Given edges and the integers n, source, and destination, return true if there is a valid path from source to destination, or false otherwise.
- Basic DFS with stack
class Solution {
public:
bool validPath(int n, vector<vector<int>>& edges, int source, int destination)
{
vector<vector<int>> adj_list(n);
for (auto& edge : edges) {
adj_list[edge[0]].push_back(edge[1]);
adj_list[edge[1]].push_back(edge[0]);
}
stack<int> st;
st.push(source);
vector<bool> visited(n, false);
while (!st.empty()) {
int curr = st.top();
st.pop();
if (curr == destination) {
return true;
}
for (auto& next : adj_list[curr]) {
if (!visited[next]) {
visited[next] = true;
st.push(next);
}
}
}
return false;
}
};- If path exist between 2 nodes then they are in same component.
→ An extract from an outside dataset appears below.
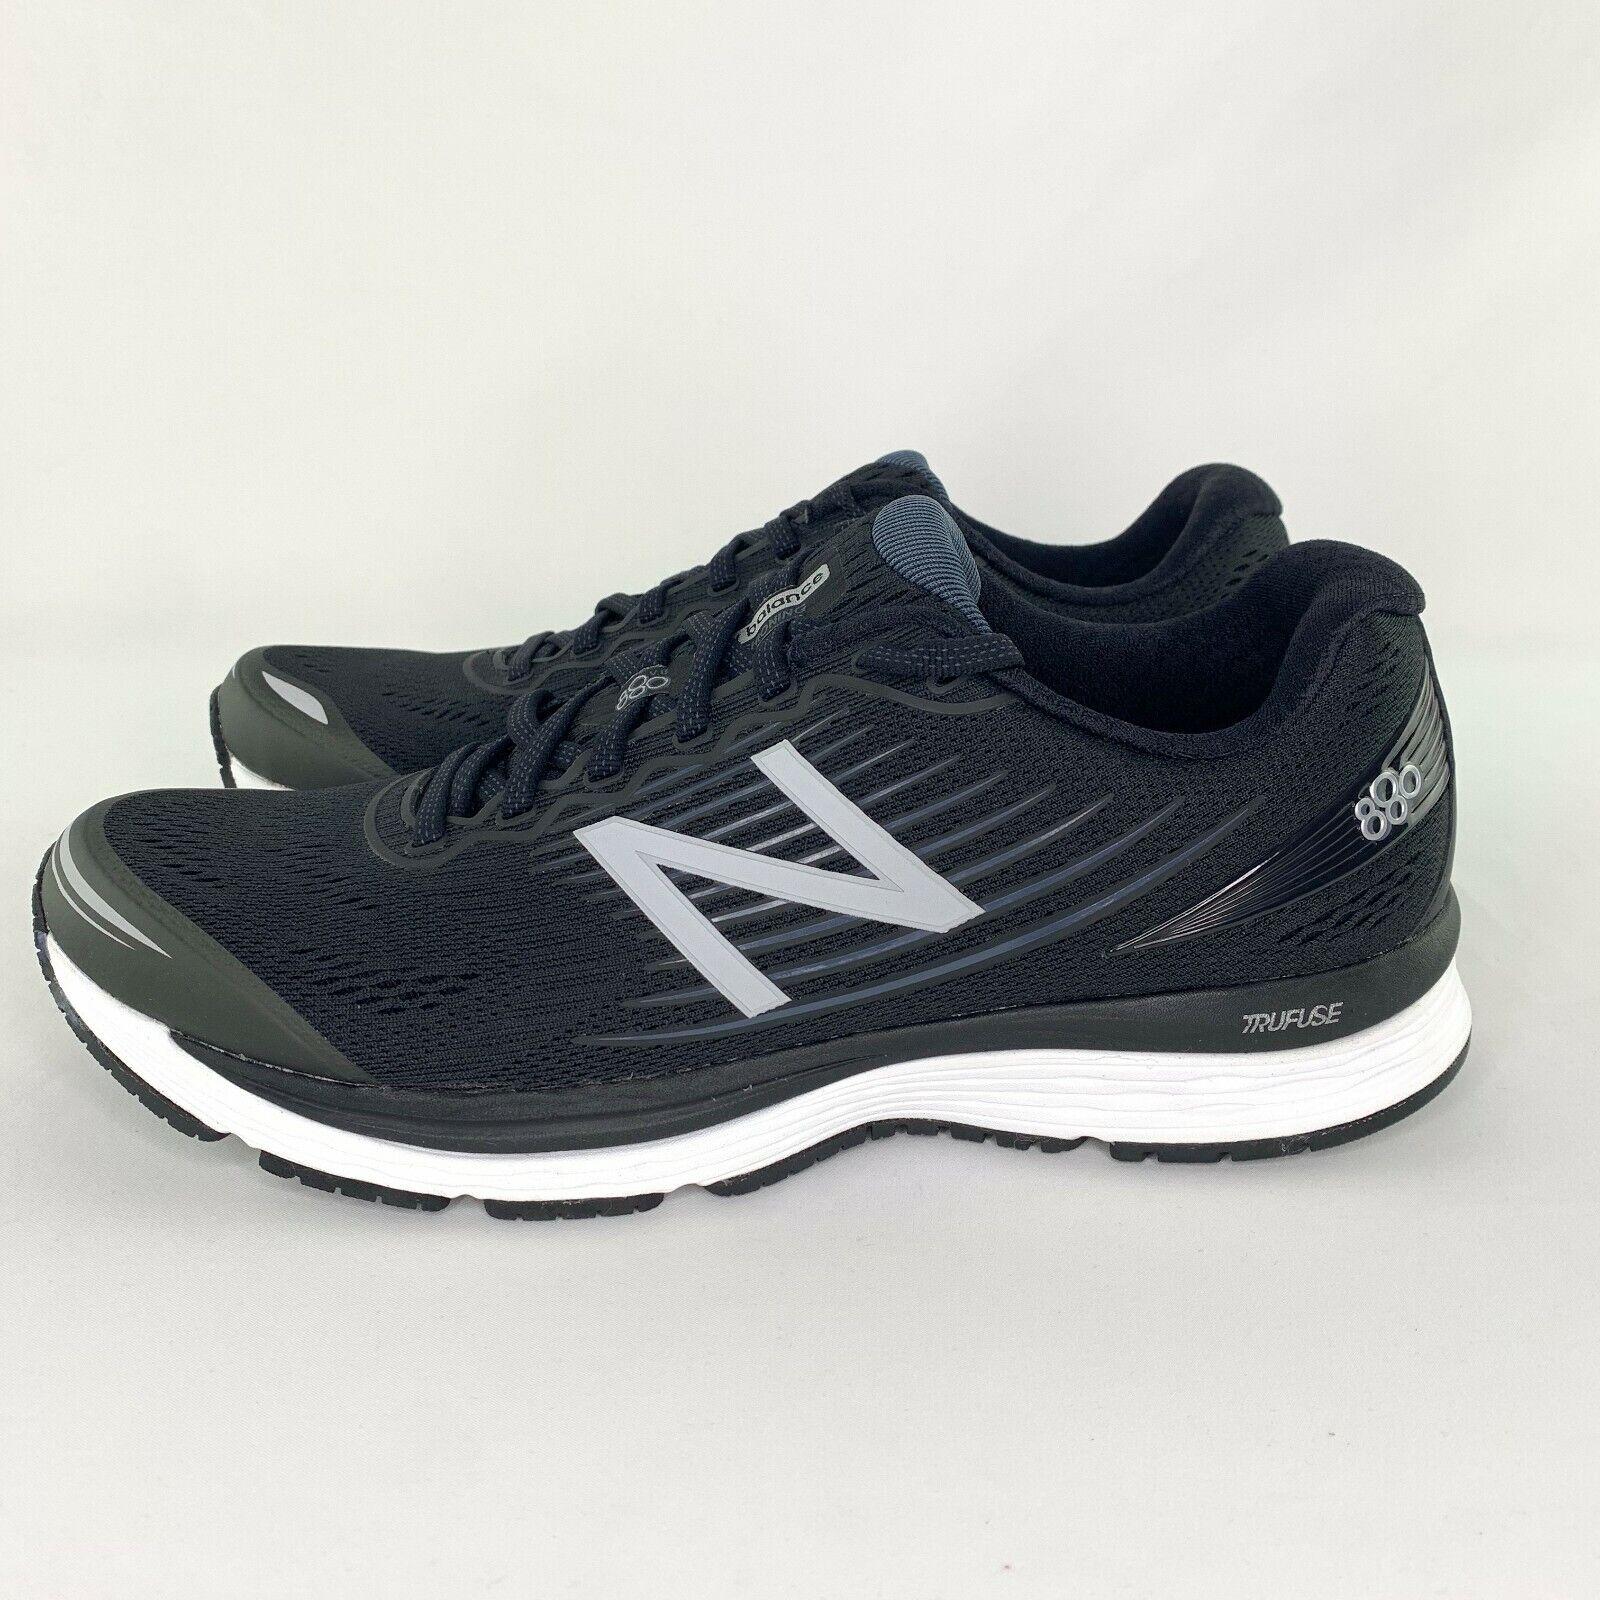 New Balance M880BK8 880v8 Mens Running shoes Size 12

- We can use UnionFind to know if source and destination are in same component.
class UnionFind {
private:
int* parent;
int* nodeRank;
int n;
int connectedCount;
public:
// TC: O(N)
UnionFind(int sz)
{
this->n = sz;
this->connectedCount = sz;
parent = new int[n + 1];
nodeRank = new int[n + 1];
for (int i = 0; i <= n; i++) {
parent[i] = i;
nodeRank[i] = 0;
}
}
// TC: O(1) amortized
int findParent(int node)
{
if (node == parent[node])
return node;
return parent[node] = findParent(parent[node]); // path compression
}
// TC: O(1) amortized
void unionSet(int u, int v)
{
u = findParent(u);
v = findParent(v);
// union by rank
if (u != v) {
if (nodeRank[u] < nodeRank[v])
parent[u] = v;
else if (nodeRank[u] > nodeRank[v])
parent[v] = u;
else {
parent[v] = u; // join to anyone
nodeRank[u]++; // increase rank(level)
}
connectedCount--;
}
}
// TC: O(1) amortized
bool connected(int u, int v)
{
return findParent(u) == findParent(v);
}
// TC: O(1)
int getConnectedCount()
{
return connectedCount;
}
};
class Solution {
public:
bool validPath(int n, vector<vector<int>>& edges, int source, int destination)
{
UnionFind uf(n);
for (auto& edge : edges) {
uf.unionSet(edge[0], edge[1]);
}
return uf.connected(source, destination);
}
};